Using adoption as a threat

The other day I was working at a coffee shop while my son was at his karate practice. A family of three, including a mom, dad and what appeared to be their four-year old, were getting ready to leave. The little girl was stalling, as little girls are wont to do, and as the parents began the familiar negotiation of trying to get a child to cooperate, Mom says to her daughter, “If you don’t get your coat on, we’re going to leave you here, and you’ll be adopted by strangers. I don’t know who they will be, but you’re going to have to live with them. Look, your dad is leaving. Better hurry up or you’ll have to live with strangers.”

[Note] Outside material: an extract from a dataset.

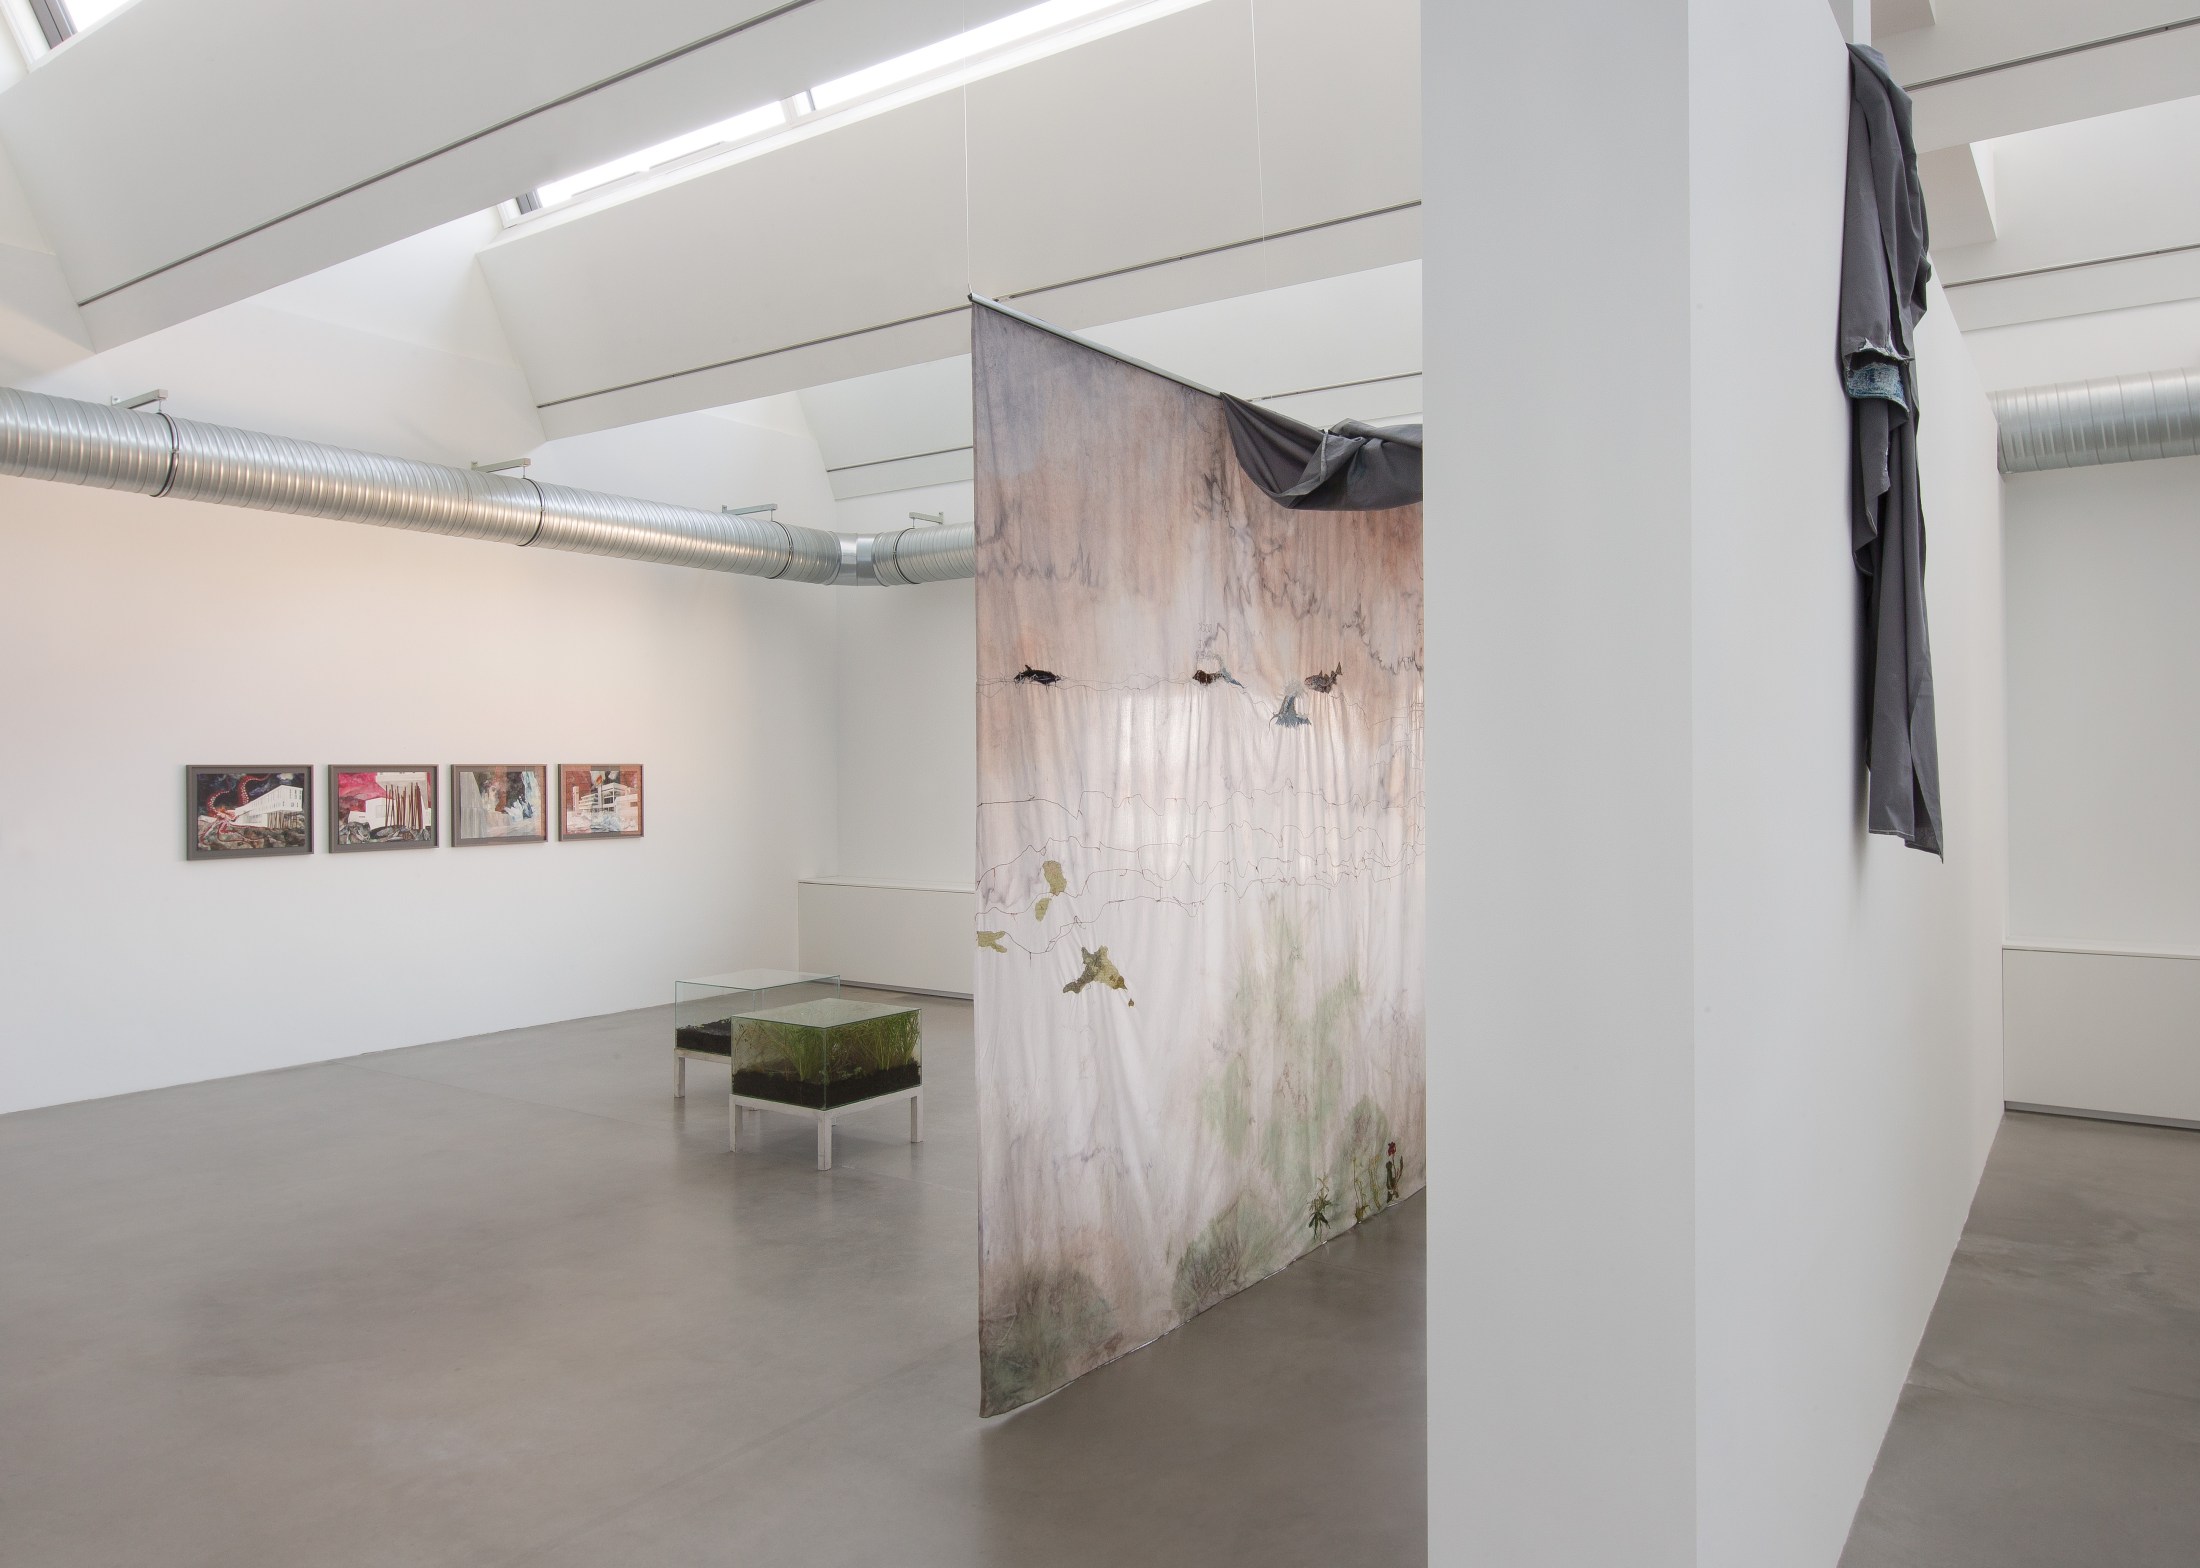 Exhibition view: Isa Melsheimer, Der unerfreuliche Zustand der Textur, Maschinenhaus M2, KINDL – Centre for Contemporary Art, Berlin, 2020. Photo © Oliver Mark

I immediately posted this on my Twitter and Facebook page, resulting in a very interesting conversation on Facebook. Almost immediately several adoptee friends responded with comments like, “oh hell no!” and the expected chorus of “What the…”, etc. But one of the details I held back for a few minutes was the race and ethnicity of the family, because I had a feeling it was a detail that mattered.

Threatening to put a child up for adoption if they don’t behave or cooperate is not a new phenomenon and I think it’s probably uttered from parents who have absolutely no intention of ever following through. As a coercive parenting strategy it is, of course to many of us who were adopted or have adopted, extremely offensive and I wondered aloud if it was a particular cultural parenting strategy.

The family in this story, from my observation, appeared to be South Asian Indian. Both parents had heavy accents, their daughter did not. I might assume (incorrectly perhaps) that the parents were first generation or 1.5 generation immigrants because of the accent, although I know that is not reliable evidence. I have heard from other children of immigrant parents similar threats of abandonment.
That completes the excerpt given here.